Success and growth as a musician are different things. But, they are connected. If success is of the right kind, comes in good time, and one has the ability to digest it, it can be a great aid to achieving growth as a musician. On all counts, I cannot complain.

I have heard it said that an Indian musician does not achieve any credibility amongst Western audiences until he also commands a considerable presence and stature amongst audiences at home. This is not the way it has worked for me. US and European audiences opened up to me before the Indian market acquired serious interest in my music. Even today, when I am well established in India, almost seventy percent of my work is abroad.

There is a good reason for my exceptional success abroad. In the West, nobody cares about whose son you are, or whether your father is still around and whether you are still considered a “promising artist”. The market is willing to give you an opening if you deliver the goods, appeal to the imagination of audiences, and make people happy. Every decent musician can do this. But, the Western market also expects you to conduct yourself professionally – and this, every Indian musician cannot do. I have made a better headway abroad not because I am a great musician, but because I am a no-fuss, easy-to-deal-with guy who also delivers musical value. I don’t expect to be treated either like a king or God; I handle all my travel arrangements on my own, arrive at the venue in time, do my thing, collect my cheque, and disappear until the next time. It has taken me more than fifteen years to arrive at a situation of people valuing my music, independently of my professionalism.

Having achieved prior success abroad has helped me immensely in dealing with the Indian market. Whatever success I have in India today has been achieved with my self-esteem intact -- without the crawling, maneuvering, networking, and deal-making that dominates the world of professional Hindustani music. Because of my success abroad, I can command my price in India. It is not as if I do not do small concerts, subsidized concerts or even free concerts, in India. But, I have the freedom to do them when I so wish and for my own reasons. I don’t have to do them either because I am desperate enough to accept peanuts, or because I fear the consequences of poor visibility.

Having done well abroad has also helped me musically -- allowed me the time to liberate my Indian presence from the towering shadow of Ustad Vilayat Khan’s music. Had I been more dependent on Indian audiences for my livelihood, the market may have forced me to become a Vilayat Khan clone. You and I know what Ustad Vilayat Khan means to me musically. I cannot cease to be Vilayat Khan’s son and disciple any more than I can cease to be myself. I also love doing some of Ustad Vilayat Khan’s stuff – even willfully in addition to doing it unconsciously. But, I don’t want to be coerced into reaffirming my lineage at every concert, and in every raga.

By now, when India is taking me seriously, I am past forty -- no longer a kid. Nobody in his right mind can expect me to be a replica of Vilayat Khan at this stage in my life. I am not saying that the chain of expectations has been entirely broken. I can still hear orgasmic sighs and moans piercing the silence when, once in a while, I resort to a Vilayat Khan cliché. But, nobody feels cheated if I don’t do it.

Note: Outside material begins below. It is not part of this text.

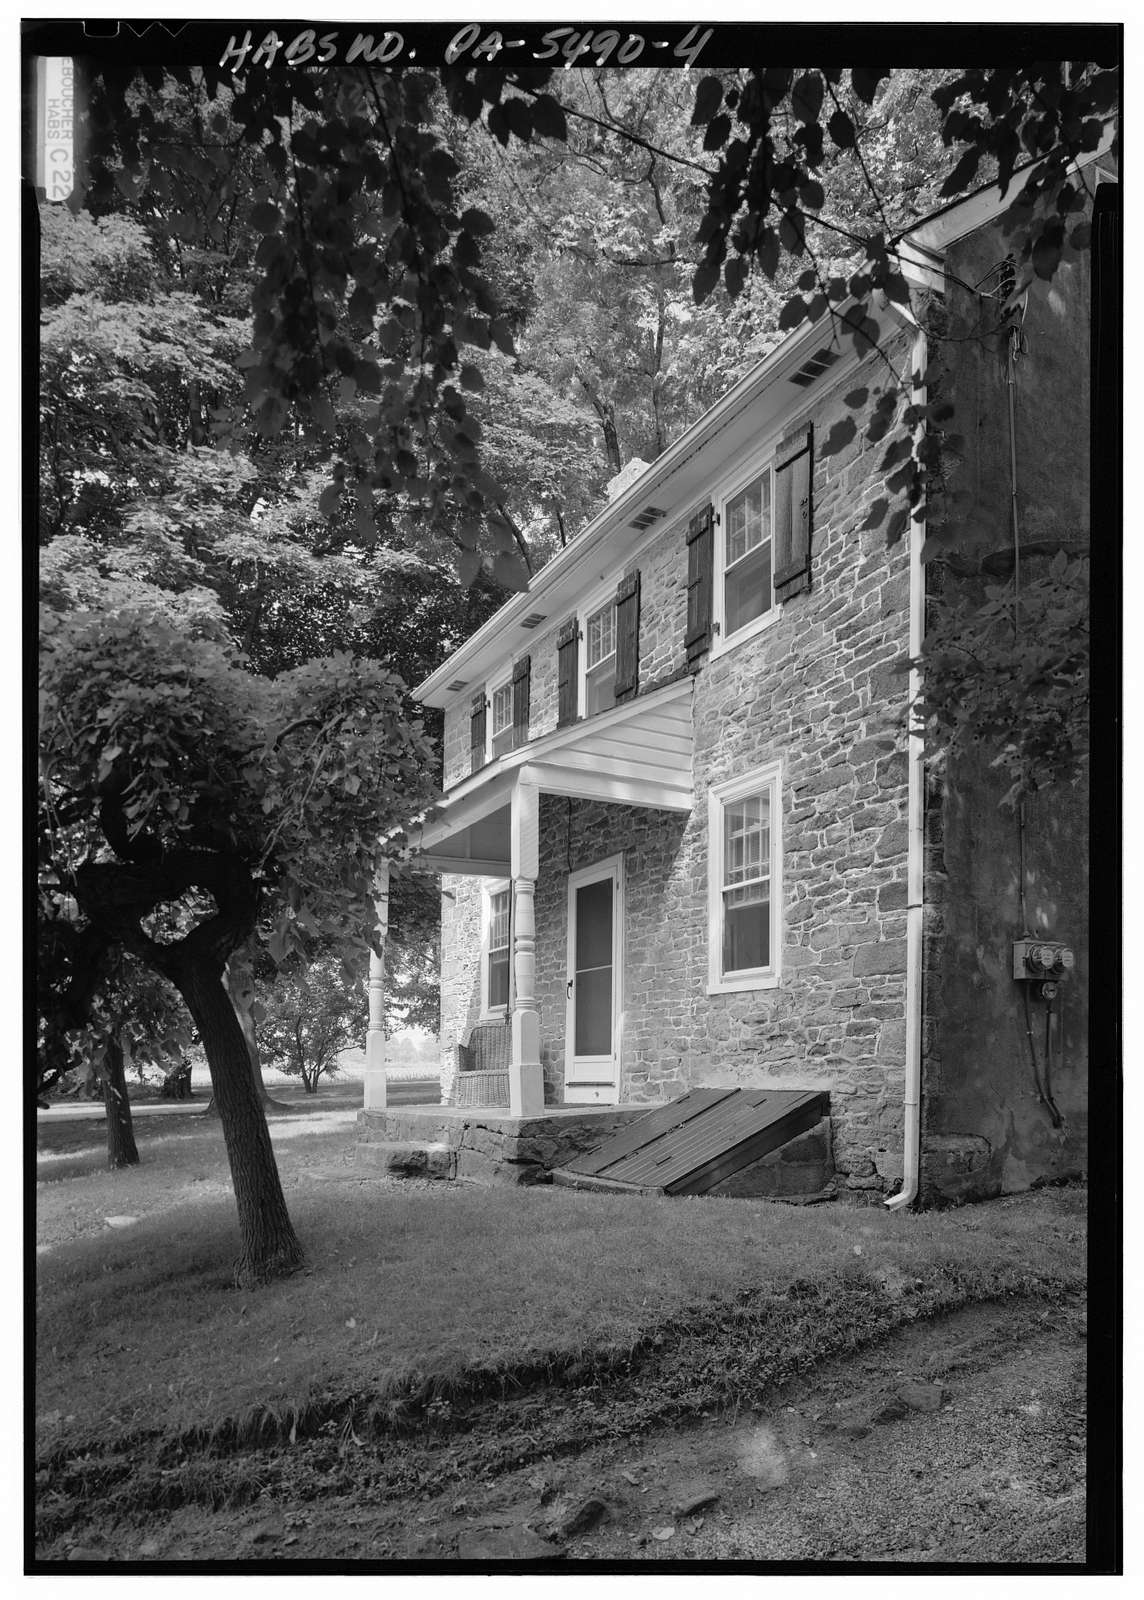 Miller's House, Dead end Tollgate Road, Core Creek Park (Middletown Township), Langhorne, Bucks County, PA
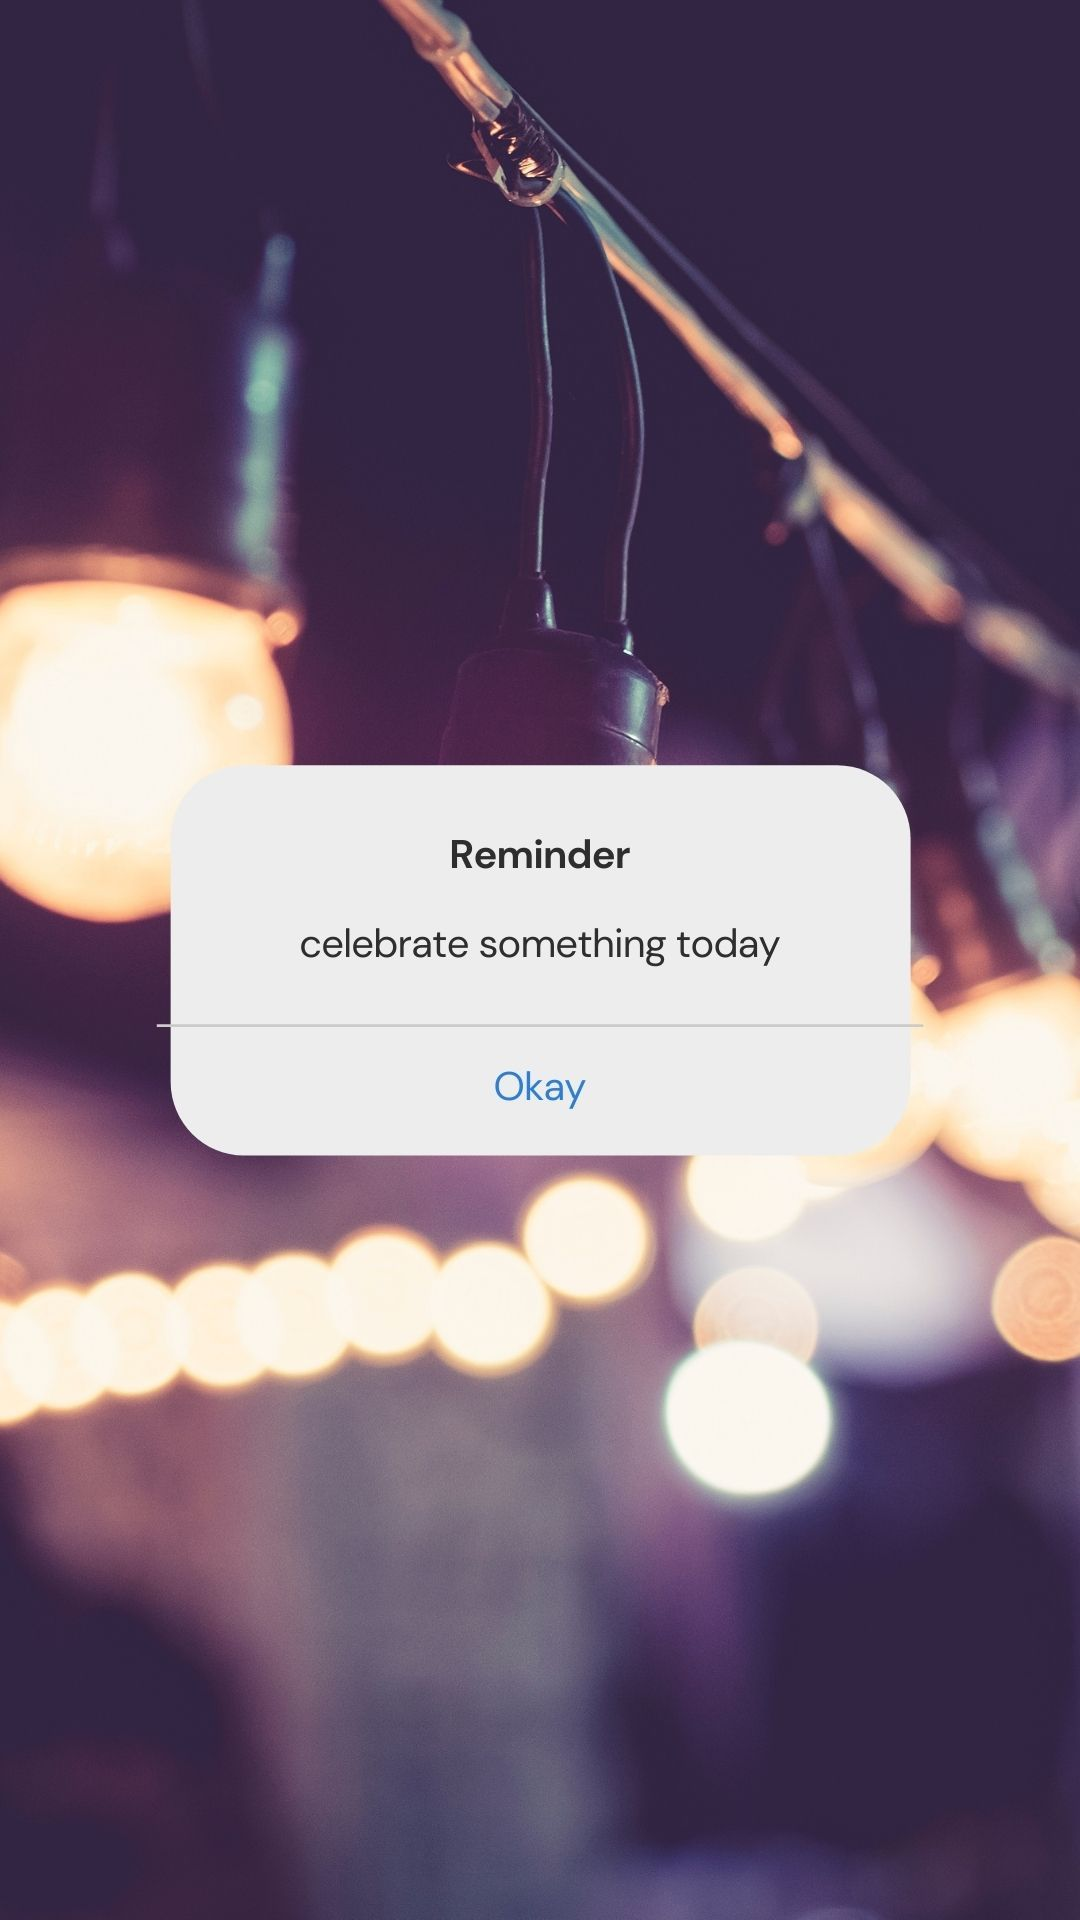 Reminder: Celebrate everyday

With the passage of time, of course, an entirely new generation of listeners has emerged. To them, Ustad Vilayat Khan or Pandit Ravi Shankar or Ustad Ali Akbar Khan – though they are all alive – are only as real as Mahatma Gandhi or Jawaharlal Nehru. These audiences are willing to accept me for what I am. So, from every angle, my prior success abroad has worked well for me. Of course, every gain demands a price. The price I have to pay for this is that I am away from my family for almost six months in a year.

I have often been asked how different the content of my music abroad is from the music I perform in India. Today – and increasingly over the last three or four years – there is no difference. But, I am a very situation-to-situation musician, and the environment affects me. Under ideal conditions, I deliver superlative music. Under less-than-ideal conditions, I deliver only competent music. The West provides me with ideal conditions far more consistently than India does.

By conditions, I mean the concert halls, the sound systems, the professionalism of the concert hosts, and the conduct of the audiences. Amongst these factors, the acoustic environment is the most important. I agree that in my grandfather’s time, great sitar music was performed without acoustically engineered concert halls and without electronic amplification. In those days, the audiences were small – 100/150 people – the sitars were designed to address these audiences effectively without amplification, and the music was appropriate for those conditions. Unfortunately, my music is a product of the microphone era and I play an instrument designed for electronically manipulated delivery of output. I have been pampered by the opportunity of performing at the finest concert halls in the US and Europe. The contrast hurts.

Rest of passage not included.